* **WHAT IS REQUIRED**: Pictures aside, quote the whole listing exactly.

* **INFORMATION SUPPLIED**:
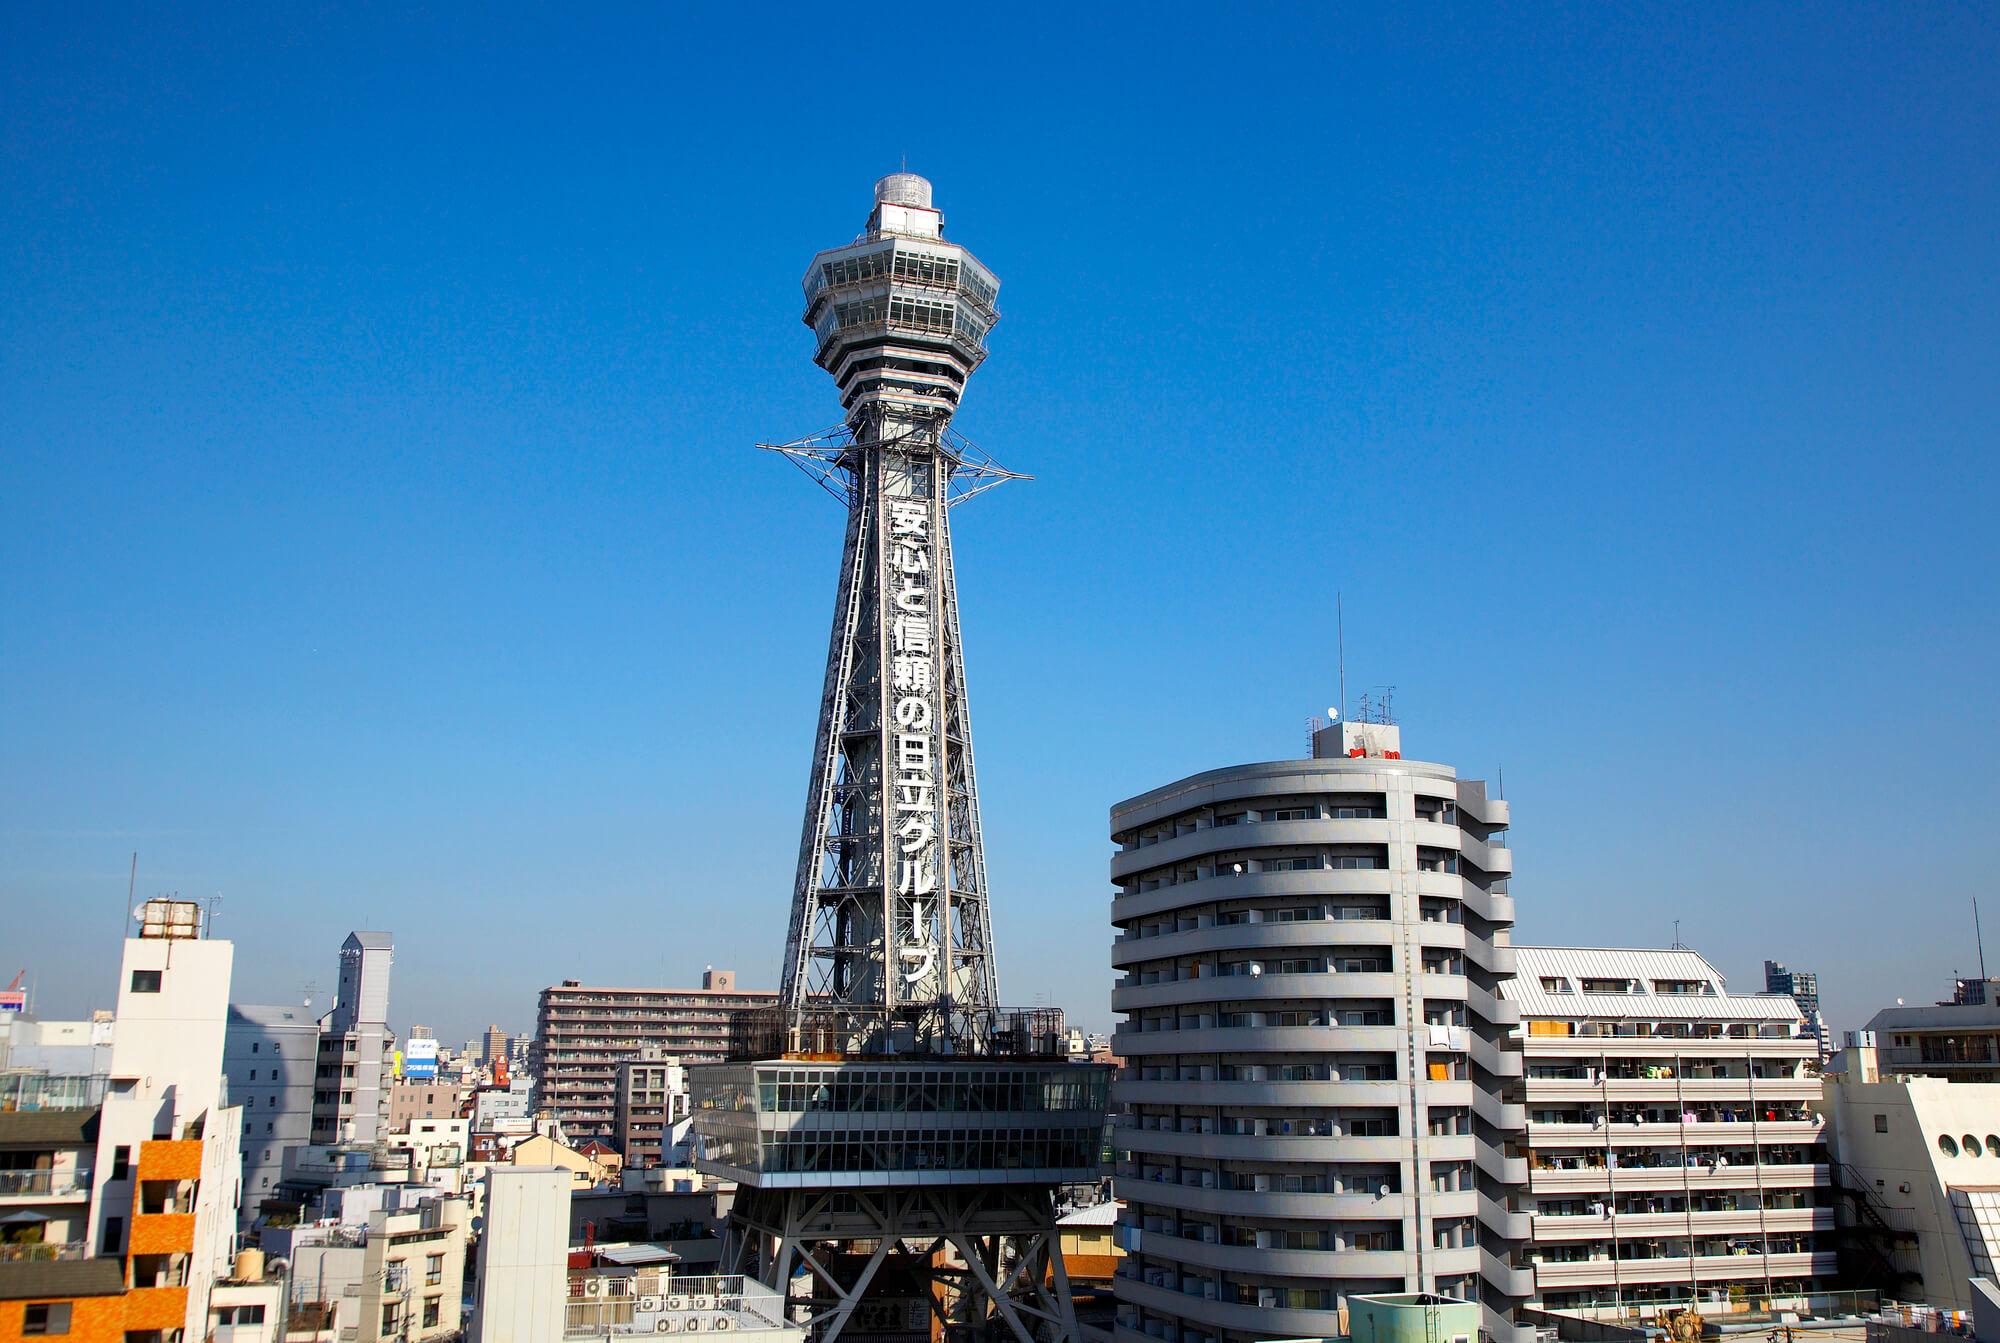 関西・大阪のサービス提供エリア
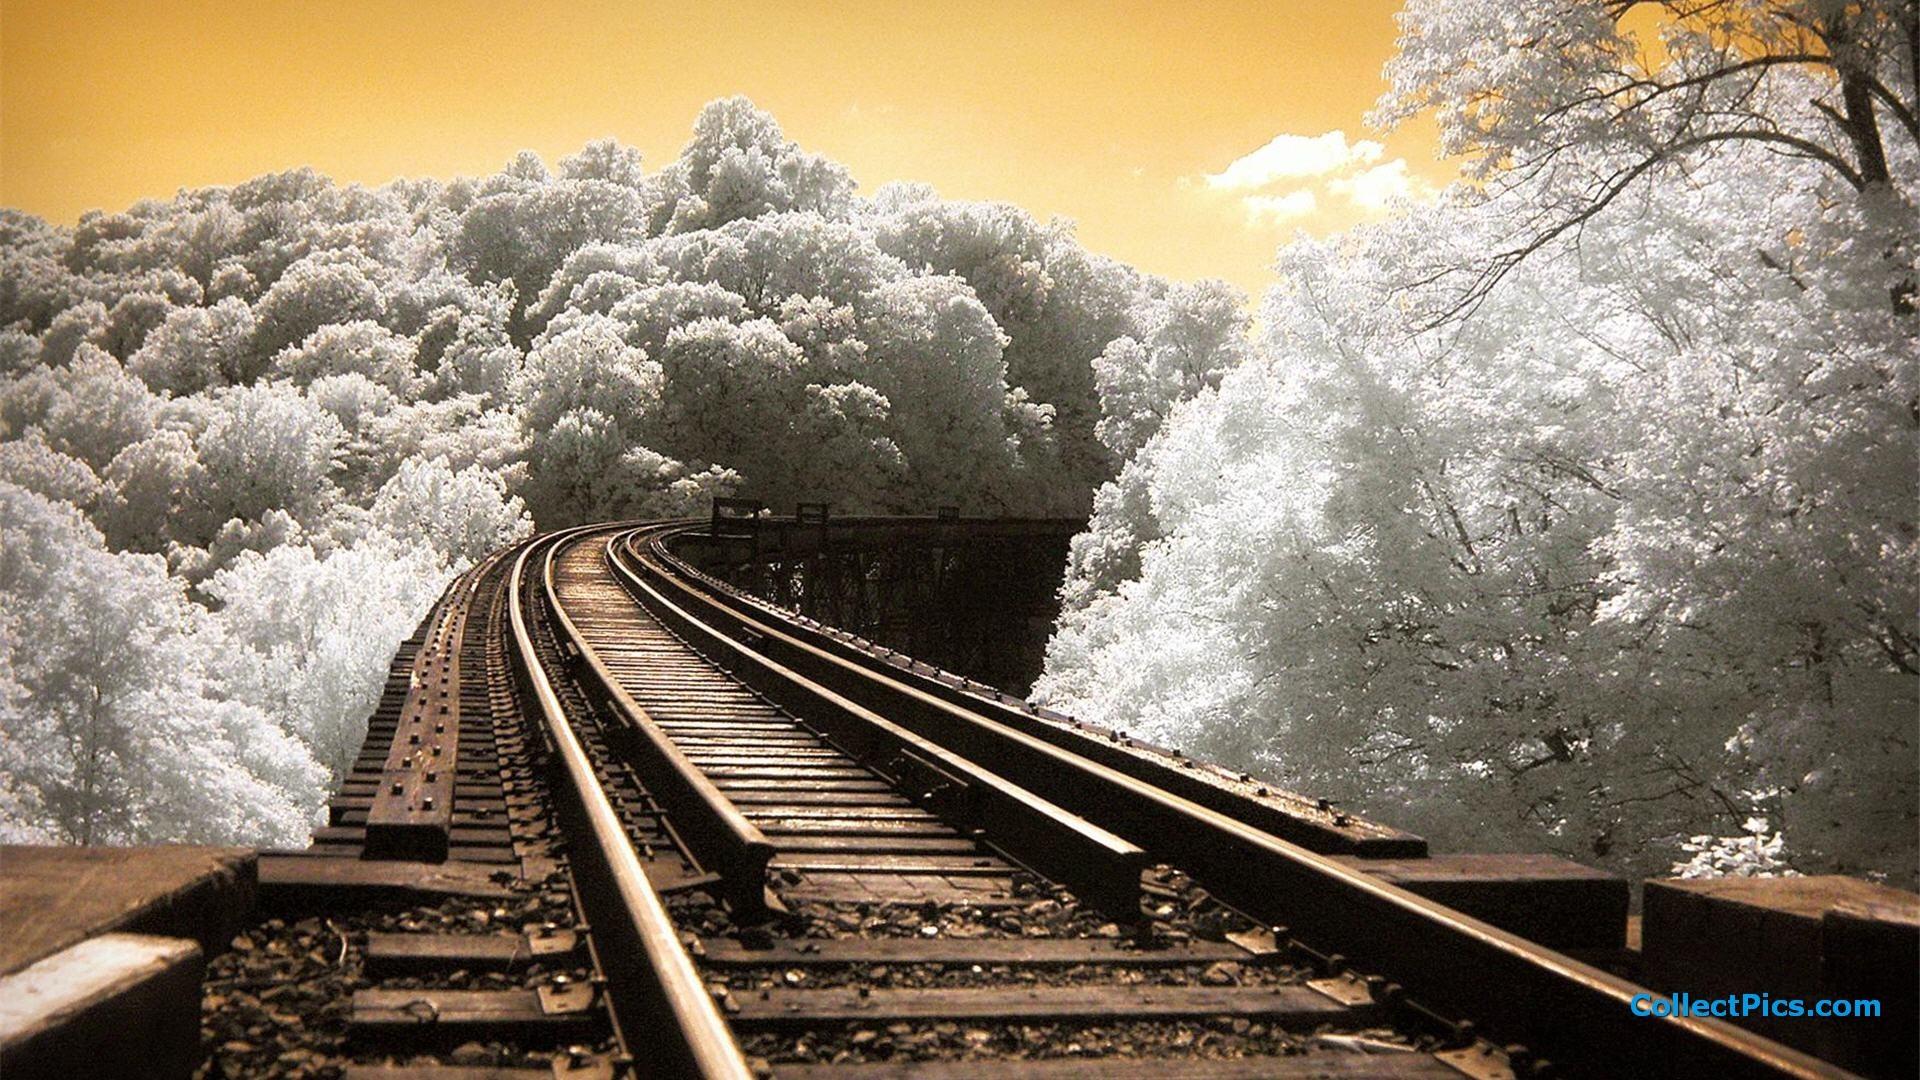 Train Track Wallpaper
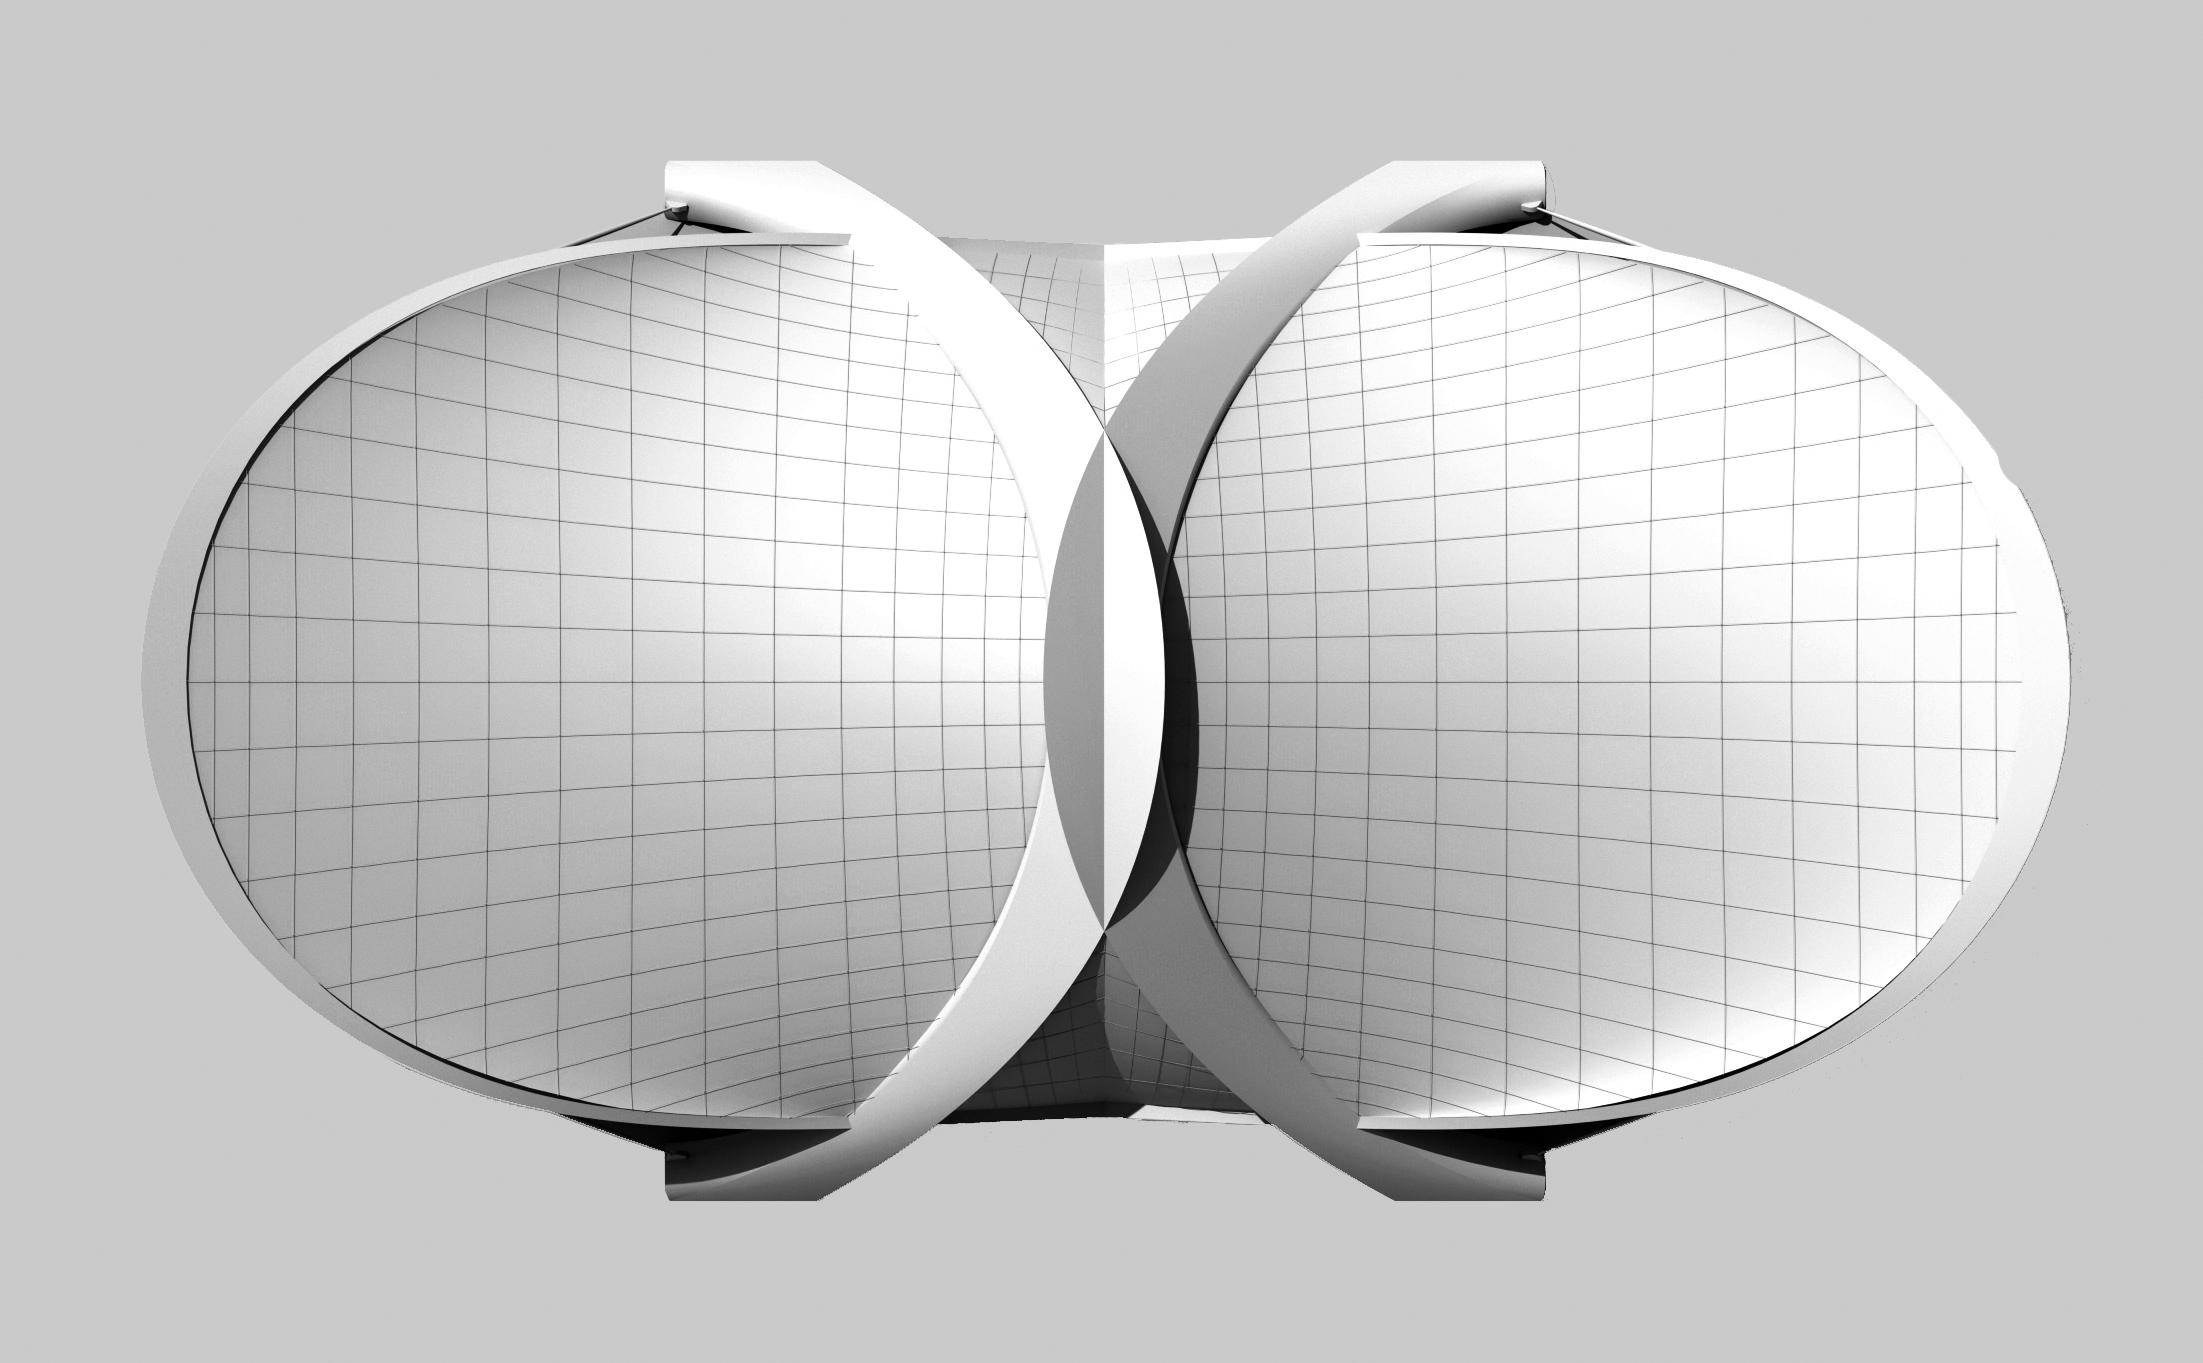 Flexible Konstruktion - Zwei faltbare Membrandächern mit einer Fläche von je 82 x 82 Metern sind an vier vorgespannten, großen Bögen befestigt. Bei hohen Windgeschwindigkeiten oder Sandstürmen wird das Dach eingezogen.

* **EXPECTED ANSWER**:
 関西・大阪のサービス提供エリア
 Train Track Wallpaper
 Flexible Konstruktion - Zwei faltbare Membrandächern mit einer Fläche von je 82 x 82 Metern sind an vier vorgespannten, großen Bögen befestigt. Bei hohen Windgeschwindigkeiten oder Sandstürmen wird das Dach eingezogen.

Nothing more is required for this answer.